Stored data: Begin
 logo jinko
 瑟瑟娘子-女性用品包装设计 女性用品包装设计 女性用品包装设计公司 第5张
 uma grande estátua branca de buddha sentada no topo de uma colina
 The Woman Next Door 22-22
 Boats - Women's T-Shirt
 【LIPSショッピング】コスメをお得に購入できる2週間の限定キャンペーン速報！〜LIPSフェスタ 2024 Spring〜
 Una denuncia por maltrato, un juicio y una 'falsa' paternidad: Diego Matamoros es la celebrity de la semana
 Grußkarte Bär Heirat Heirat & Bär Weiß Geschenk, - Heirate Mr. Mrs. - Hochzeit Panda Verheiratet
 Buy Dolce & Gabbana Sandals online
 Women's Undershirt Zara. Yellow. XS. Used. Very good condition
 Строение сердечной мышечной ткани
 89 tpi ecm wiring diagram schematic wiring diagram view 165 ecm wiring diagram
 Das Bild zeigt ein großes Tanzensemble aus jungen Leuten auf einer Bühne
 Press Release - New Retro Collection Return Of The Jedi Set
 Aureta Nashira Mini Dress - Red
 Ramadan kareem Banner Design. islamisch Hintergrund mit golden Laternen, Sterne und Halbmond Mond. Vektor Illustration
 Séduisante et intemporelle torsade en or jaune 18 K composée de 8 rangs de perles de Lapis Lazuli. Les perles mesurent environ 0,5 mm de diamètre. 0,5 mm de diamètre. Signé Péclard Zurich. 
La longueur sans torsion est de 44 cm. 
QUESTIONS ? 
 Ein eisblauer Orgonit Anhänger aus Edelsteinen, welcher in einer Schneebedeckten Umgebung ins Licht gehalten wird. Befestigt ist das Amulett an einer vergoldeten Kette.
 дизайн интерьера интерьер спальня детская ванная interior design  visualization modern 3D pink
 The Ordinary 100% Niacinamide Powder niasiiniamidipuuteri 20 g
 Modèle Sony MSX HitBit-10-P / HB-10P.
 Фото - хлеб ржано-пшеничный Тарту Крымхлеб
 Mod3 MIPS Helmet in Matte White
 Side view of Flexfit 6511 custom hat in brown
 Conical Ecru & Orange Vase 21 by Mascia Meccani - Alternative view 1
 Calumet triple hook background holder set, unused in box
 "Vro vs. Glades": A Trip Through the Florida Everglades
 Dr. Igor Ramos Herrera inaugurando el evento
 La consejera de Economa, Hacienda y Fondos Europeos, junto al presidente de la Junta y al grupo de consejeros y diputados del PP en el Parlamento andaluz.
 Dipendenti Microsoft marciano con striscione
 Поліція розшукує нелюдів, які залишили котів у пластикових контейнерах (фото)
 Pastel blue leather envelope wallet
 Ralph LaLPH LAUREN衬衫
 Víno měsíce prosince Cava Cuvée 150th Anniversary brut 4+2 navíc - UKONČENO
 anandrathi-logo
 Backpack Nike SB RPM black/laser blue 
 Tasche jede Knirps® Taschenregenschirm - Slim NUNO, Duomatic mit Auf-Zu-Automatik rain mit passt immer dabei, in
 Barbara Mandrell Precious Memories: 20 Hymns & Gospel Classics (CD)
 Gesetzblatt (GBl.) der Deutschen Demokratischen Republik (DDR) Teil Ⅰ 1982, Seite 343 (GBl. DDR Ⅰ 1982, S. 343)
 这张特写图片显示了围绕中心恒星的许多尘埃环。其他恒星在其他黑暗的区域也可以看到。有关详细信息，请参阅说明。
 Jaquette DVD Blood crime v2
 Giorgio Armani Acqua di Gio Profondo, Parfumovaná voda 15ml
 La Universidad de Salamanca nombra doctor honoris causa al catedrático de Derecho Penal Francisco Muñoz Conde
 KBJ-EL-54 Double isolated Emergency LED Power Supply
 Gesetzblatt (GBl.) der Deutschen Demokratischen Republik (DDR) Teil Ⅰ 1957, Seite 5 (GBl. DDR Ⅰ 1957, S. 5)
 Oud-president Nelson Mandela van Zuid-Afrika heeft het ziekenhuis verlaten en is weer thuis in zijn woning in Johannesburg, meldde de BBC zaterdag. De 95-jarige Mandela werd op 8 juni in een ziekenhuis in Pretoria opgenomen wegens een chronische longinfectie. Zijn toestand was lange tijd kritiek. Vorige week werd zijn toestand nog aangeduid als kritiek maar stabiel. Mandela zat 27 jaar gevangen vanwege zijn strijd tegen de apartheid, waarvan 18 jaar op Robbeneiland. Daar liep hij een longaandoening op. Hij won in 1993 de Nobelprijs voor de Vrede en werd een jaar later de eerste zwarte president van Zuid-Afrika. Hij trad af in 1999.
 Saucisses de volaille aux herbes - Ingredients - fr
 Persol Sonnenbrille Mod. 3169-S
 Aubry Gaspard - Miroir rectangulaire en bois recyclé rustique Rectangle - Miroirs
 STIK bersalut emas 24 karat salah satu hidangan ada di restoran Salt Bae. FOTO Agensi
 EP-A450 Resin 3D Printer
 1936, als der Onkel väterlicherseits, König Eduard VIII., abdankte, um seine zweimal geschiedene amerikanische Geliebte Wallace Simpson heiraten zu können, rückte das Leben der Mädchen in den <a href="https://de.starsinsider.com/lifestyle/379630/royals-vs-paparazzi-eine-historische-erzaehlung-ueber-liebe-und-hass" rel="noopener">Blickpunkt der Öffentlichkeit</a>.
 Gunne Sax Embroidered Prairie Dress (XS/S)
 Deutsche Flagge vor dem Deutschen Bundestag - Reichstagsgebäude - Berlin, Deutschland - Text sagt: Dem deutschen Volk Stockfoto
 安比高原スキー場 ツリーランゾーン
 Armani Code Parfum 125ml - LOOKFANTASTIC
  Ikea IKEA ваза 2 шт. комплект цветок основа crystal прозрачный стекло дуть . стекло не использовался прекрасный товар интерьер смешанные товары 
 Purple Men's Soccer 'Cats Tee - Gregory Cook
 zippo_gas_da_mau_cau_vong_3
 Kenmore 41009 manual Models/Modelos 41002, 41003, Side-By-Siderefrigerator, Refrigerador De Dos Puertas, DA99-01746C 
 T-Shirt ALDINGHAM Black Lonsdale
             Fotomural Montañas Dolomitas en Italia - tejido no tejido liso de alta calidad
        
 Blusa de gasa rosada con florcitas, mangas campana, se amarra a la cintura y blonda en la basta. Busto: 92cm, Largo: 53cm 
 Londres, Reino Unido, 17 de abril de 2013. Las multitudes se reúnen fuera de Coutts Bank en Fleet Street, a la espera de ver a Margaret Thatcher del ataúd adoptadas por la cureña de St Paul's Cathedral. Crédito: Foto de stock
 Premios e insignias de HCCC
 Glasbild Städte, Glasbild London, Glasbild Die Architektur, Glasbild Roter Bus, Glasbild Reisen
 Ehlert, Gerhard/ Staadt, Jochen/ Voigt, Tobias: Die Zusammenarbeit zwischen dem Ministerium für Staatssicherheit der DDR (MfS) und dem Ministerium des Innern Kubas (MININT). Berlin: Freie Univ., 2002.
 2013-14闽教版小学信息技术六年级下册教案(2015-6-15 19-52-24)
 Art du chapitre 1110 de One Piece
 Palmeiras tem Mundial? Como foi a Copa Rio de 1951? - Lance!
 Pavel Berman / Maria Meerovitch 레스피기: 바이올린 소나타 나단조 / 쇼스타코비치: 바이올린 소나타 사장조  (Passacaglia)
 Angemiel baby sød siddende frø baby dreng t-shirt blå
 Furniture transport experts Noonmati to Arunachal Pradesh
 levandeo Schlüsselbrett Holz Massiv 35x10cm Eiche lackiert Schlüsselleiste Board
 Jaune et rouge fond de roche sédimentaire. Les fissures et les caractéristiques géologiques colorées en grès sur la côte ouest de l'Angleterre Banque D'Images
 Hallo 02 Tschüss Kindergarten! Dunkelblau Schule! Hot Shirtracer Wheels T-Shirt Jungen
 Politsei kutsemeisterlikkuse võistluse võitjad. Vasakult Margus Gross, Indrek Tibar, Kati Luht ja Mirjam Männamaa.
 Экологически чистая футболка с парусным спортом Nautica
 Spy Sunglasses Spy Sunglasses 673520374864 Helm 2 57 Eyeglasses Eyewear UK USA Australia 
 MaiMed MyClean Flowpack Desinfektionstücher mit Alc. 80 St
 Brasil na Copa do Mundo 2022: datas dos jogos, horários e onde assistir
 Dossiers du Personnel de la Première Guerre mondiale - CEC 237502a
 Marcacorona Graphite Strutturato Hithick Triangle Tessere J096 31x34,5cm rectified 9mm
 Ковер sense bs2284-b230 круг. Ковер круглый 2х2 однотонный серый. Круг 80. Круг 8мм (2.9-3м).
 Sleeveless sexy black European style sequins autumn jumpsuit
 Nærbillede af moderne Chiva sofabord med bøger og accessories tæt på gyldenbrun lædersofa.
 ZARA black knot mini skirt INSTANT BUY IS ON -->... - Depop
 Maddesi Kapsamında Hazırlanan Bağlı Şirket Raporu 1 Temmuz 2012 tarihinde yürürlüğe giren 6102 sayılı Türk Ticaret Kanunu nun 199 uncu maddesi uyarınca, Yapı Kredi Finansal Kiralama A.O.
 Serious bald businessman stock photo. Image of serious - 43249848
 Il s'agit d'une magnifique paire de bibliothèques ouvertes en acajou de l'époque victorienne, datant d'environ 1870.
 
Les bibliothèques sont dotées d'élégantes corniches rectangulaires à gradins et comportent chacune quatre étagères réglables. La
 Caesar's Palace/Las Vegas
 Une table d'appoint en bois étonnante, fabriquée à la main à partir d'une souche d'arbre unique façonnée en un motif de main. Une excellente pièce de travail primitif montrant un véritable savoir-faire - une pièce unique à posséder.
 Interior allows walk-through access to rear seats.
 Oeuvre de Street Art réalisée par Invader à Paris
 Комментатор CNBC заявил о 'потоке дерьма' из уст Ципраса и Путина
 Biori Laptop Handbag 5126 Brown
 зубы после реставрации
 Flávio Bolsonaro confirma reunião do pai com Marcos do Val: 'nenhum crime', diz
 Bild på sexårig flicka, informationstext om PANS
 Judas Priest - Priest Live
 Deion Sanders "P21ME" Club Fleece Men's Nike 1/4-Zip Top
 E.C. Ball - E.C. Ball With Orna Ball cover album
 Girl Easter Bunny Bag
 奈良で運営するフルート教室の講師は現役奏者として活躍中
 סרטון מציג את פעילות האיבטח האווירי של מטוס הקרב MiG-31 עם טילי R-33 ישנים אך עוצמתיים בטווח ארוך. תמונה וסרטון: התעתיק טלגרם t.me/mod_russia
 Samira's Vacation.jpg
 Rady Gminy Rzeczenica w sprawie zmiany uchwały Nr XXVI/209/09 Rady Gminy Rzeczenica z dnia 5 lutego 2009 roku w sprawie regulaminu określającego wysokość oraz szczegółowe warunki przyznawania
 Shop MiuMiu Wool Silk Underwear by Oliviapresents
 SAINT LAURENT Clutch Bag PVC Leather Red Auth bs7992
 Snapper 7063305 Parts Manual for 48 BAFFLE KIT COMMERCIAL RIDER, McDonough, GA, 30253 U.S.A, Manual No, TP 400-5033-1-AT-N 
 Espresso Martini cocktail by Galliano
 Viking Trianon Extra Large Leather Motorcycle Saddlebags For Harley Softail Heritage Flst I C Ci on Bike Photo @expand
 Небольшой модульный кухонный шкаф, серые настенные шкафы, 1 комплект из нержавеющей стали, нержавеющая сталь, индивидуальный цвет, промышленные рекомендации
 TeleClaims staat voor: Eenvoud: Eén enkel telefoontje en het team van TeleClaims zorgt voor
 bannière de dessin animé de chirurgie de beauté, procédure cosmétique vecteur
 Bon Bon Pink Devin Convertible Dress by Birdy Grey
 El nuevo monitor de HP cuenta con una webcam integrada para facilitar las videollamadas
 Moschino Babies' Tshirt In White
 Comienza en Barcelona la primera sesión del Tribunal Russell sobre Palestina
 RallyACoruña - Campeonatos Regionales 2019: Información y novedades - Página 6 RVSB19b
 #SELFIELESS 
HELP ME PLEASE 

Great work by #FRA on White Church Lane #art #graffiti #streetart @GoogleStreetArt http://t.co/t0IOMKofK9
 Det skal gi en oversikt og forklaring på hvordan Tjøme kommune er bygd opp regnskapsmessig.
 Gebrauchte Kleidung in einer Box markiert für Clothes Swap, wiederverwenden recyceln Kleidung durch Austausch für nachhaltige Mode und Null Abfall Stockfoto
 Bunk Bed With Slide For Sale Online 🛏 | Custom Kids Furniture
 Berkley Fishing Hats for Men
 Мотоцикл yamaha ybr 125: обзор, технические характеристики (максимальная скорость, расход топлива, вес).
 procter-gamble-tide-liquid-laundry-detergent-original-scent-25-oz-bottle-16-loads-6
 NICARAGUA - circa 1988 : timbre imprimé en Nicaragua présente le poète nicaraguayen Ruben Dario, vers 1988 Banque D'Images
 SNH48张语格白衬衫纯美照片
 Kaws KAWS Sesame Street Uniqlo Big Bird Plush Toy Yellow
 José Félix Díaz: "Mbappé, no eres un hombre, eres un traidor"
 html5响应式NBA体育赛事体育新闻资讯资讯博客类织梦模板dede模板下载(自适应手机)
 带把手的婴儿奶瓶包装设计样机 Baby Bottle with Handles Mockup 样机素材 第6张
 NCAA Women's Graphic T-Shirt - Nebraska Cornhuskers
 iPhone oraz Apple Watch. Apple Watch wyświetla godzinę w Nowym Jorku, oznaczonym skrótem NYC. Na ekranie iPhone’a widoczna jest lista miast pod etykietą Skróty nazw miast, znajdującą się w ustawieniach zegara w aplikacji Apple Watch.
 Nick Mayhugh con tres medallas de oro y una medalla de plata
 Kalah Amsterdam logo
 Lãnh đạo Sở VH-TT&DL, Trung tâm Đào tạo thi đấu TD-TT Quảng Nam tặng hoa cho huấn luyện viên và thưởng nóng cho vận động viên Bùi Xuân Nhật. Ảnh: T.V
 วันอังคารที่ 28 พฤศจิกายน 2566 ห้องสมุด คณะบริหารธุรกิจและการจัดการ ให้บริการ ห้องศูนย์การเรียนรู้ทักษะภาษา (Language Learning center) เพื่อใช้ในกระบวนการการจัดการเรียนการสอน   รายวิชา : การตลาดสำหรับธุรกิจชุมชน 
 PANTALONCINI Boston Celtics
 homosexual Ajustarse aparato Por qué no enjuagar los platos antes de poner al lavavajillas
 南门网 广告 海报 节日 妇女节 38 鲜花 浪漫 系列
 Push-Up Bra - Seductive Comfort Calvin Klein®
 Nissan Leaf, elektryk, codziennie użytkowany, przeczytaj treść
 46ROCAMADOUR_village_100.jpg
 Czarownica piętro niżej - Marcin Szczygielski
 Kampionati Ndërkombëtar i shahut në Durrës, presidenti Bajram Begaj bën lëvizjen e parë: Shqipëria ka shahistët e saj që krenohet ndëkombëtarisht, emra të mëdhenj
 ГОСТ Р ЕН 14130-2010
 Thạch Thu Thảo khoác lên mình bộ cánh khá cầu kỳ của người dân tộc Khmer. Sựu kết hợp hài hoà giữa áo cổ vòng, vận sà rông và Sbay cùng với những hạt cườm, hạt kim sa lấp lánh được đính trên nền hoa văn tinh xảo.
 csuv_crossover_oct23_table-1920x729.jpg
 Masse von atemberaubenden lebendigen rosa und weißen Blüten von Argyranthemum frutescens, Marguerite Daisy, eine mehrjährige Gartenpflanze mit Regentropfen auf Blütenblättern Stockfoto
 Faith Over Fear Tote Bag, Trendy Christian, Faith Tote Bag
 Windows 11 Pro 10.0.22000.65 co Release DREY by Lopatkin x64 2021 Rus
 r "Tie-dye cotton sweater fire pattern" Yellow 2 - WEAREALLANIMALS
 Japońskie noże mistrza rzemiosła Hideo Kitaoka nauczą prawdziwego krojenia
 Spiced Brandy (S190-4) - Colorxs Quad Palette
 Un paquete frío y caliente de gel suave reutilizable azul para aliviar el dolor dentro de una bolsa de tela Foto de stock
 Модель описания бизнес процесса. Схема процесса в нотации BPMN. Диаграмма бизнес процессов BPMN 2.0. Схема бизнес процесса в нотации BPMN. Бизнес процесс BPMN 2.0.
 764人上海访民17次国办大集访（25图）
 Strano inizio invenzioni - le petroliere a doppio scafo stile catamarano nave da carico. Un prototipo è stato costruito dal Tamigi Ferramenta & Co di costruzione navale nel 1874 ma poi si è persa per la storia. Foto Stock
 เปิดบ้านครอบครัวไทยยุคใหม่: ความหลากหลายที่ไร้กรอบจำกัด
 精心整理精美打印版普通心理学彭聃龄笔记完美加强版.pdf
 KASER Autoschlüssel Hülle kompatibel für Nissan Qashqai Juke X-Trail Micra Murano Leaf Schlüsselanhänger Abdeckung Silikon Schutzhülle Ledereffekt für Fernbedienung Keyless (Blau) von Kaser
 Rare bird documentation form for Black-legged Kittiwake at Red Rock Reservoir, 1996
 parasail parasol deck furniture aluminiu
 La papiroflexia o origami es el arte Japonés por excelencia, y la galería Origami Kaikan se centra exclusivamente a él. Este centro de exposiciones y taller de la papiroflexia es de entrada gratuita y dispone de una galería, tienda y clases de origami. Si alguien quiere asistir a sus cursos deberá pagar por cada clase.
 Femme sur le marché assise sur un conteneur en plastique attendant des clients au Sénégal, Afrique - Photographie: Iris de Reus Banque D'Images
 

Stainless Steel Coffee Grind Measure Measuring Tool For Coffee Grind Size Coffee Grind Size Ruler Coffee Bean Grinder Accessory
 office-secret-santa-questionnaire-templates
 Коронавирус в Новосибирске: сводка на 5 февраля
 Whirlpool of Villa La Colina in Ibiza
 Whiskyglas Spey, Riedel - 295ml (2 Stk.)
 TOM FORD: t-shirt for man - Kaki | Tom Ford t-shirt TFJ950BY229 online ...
Stored data: End
§ **Try it**: Find the line with "Premios e insignias de HCCC" in the entries above. Retype it and each line after it, exactly, through the line with "Glasbild Städte, Glasbild", and stop there.

§ **Task answer**:
 Premios e insignias de HCCC
 Glasbild Städte, Glasbild London, Glasbild Die Architektur, Glasbild Roter Bus, Glasbild Reisen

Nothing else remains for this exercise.